The Seattle Times Company and Newsday LLC v. OpenAI, Inc. et al. a été déposée devant la Southern District of New York le 4 septembre, sous le n° 1:26-cv-07644, contre dix entités OpenAI et Microsoft. Il s’agit d’une seule affaire avec deux plaignants, et non de deux actions, et ce n’est pas une affaire déposée à Seattle — la plainte fonde la compétence sur les quatre affaires de journaux déjà consolidées dans le MDL 25-md-03143.

Les chefs d’accusation, dans l’ordre

I, violation du droit d’auteur ; II, violation indirecte du droit d’auteur ; III et IV, DMCA §1202(b) pour suppression d’informations de gestion du droit d’auteur ; puis V, dilution de marque au titre du 15 U.S.C. §1125(c), VI au titre du RCW 19.77.160 de l’État de Washington, et VII au titre du N.Y. Gen. Bus. L. §360-l. Deux des sept chefs relèvent de la violation du droit d’auteur ; trois des sept relèvent de la dilution, et c’est là que se situe la demande de dommages-intérêts triplés et de frais au titre du §1117(a).

Ce qu’allègue la théorie de la dilution

Non pas une copie, mais une fausse attribution : les produits « reproduisent, génèrent et associent les marques des demandeurs à du contenu créé par les propres modèles des défendeurs, y compris du contenu qui n’est pas l’œuvre authentique » des demandeurs. Les marques invoquées sont THE SEATTLE TIMES (quatre enregistrements, tous datés du 30 avril 2019) et NEWSDAY (n° d’enregistrement 2,047,787, 1997), toutes incontestables, la renommée étant alléguée sur la base de « 30 prix Pulitzer au total ».

Le dossier en droit d’auteur est plus restreint et plus précis que le récit

La plainte allègue que les défendeurs ont copié « des centaines de milliers » d’articles. Les chefs ne se rattachent pas à ce chiffre. Le chef I est limité aux « Registered Works » identifiées dans les annexes 1 et 2 — 596 enregistrements pour le Seattle Times et 770 pour Newsday, soit 1 366 au total, allant de 1994 et 1996 respectivement à 2026. Leurs en-têtes montrent de quoi il s’agit : « The Seattle Times », « Newsday, Nassau Edition » et une colonne littéralement intitulée « Issue Registered (Month / Year) ». Il s’agit d’enregistrements d’œuvres collectives portant sur des numéros entiers de journaux — la même pratique d’enregistrement sur laquelle Microsoft s’est appuyé le même jour pour soutenir qu’il ne fallait accorder qu’une seule indemnité légale par numéro, et non par article.
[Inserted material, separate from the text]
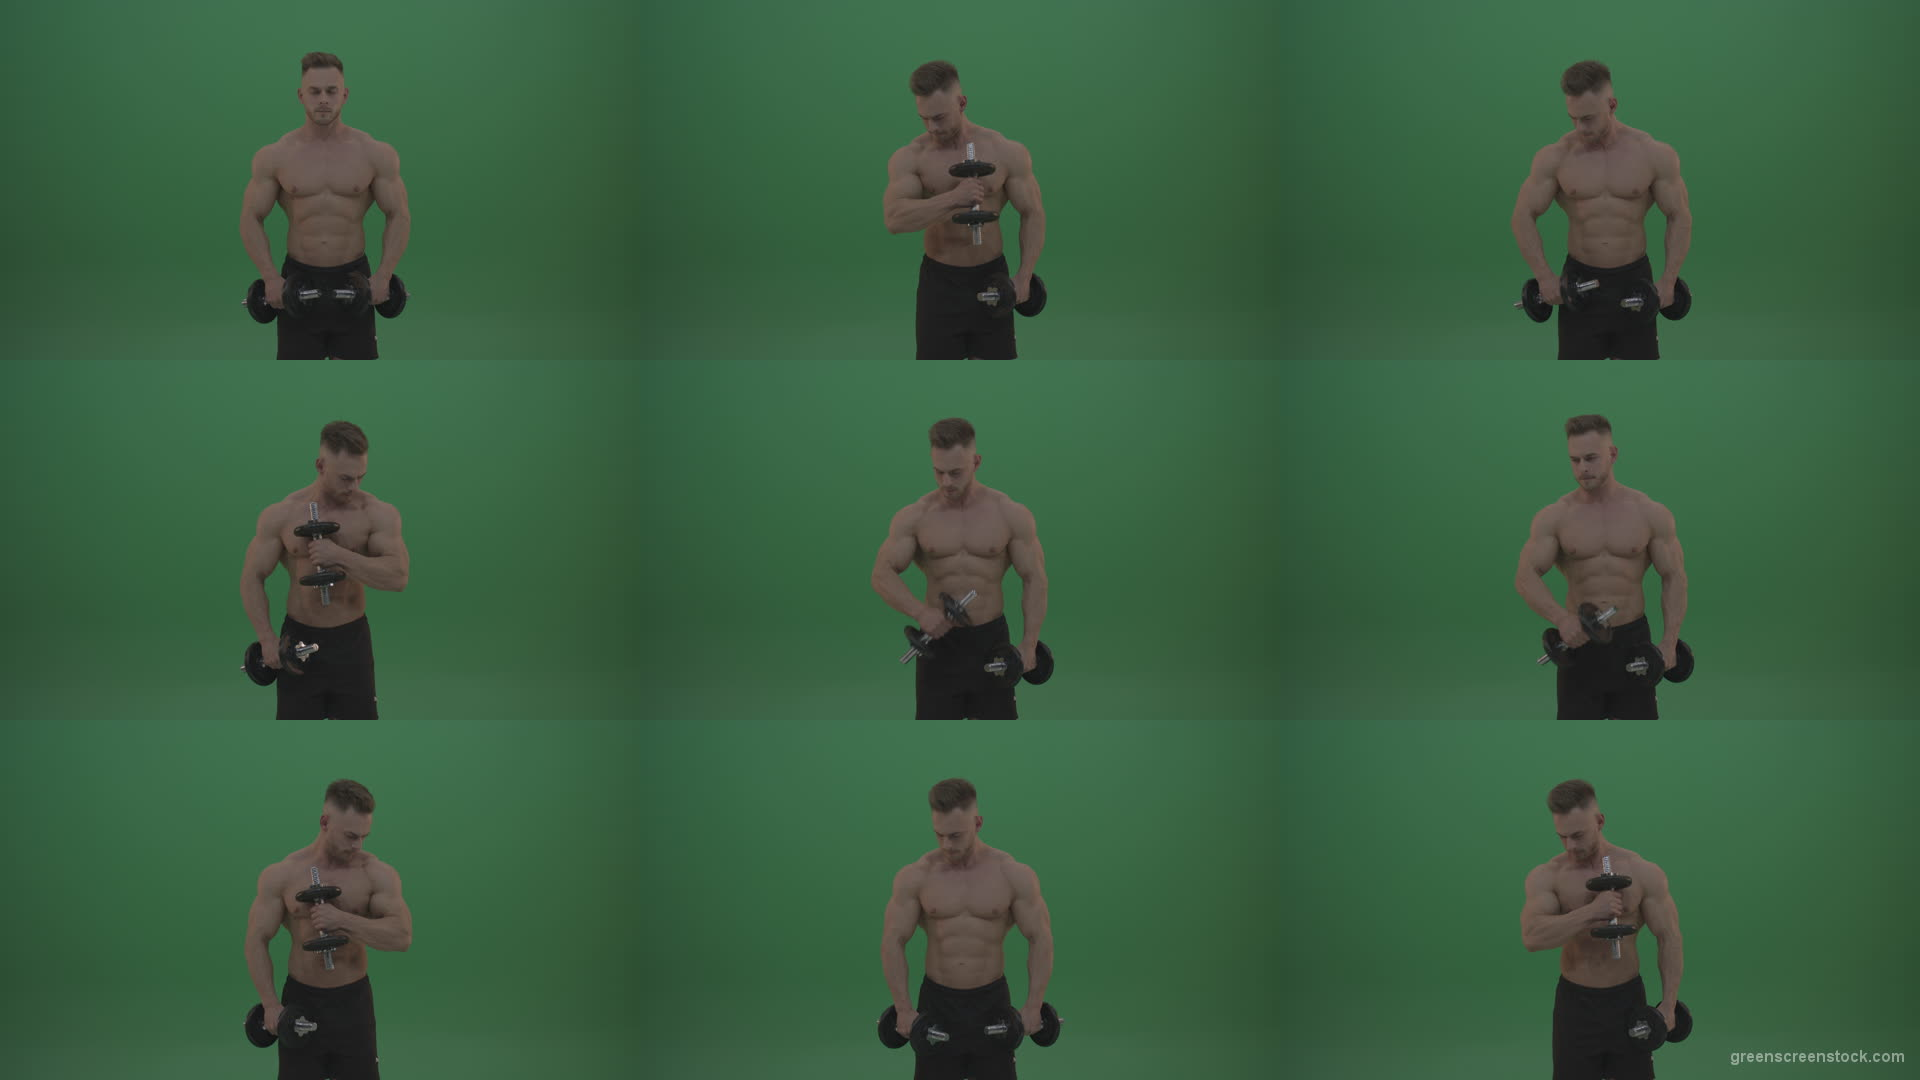 Young_Bodybuilder_Working_Out_With_Two_Handed_Dumbbell_Biceps_Exercises_On_Green_Screen_Wall_Background Green Screen Stock

Ce que le cadrage retenu passe à côté

Parler d’« une nouvelle plainte en droit d’auteur » rate la partie qui porte le dossier. Si les chefs relatifs au droit d’auteur achoppent dans un MDL où les écritures sur le fair use sont déjà en cours, les chefs de dilution survivent en vertu d’un droit entièrement distinct, et c’est une attribution hallucinée — et non l’entraînement — qu’il faudra démontrer. La réparation demandée est elle aussi inhabituelle : la saisie ou la destruction, au titre du §503, de « toutes les copies des œuvres des demandeurs, ainsi que tous les LLM et jeux de données d’entraînement » les incorporant. La plainte ne mentionne aucun montant à aucun endroit, ce qui rend inventés les titres de presse parlant d’une « bataille à un milliard de dollars ». Et le seul extrait reproduit mot pour mot est de 88 mots consécutifs, obtenus, comme la plainte le révèle elle-même dans la même phrase, au moyen d’« un simple prompt incluant le titre et l’URL ».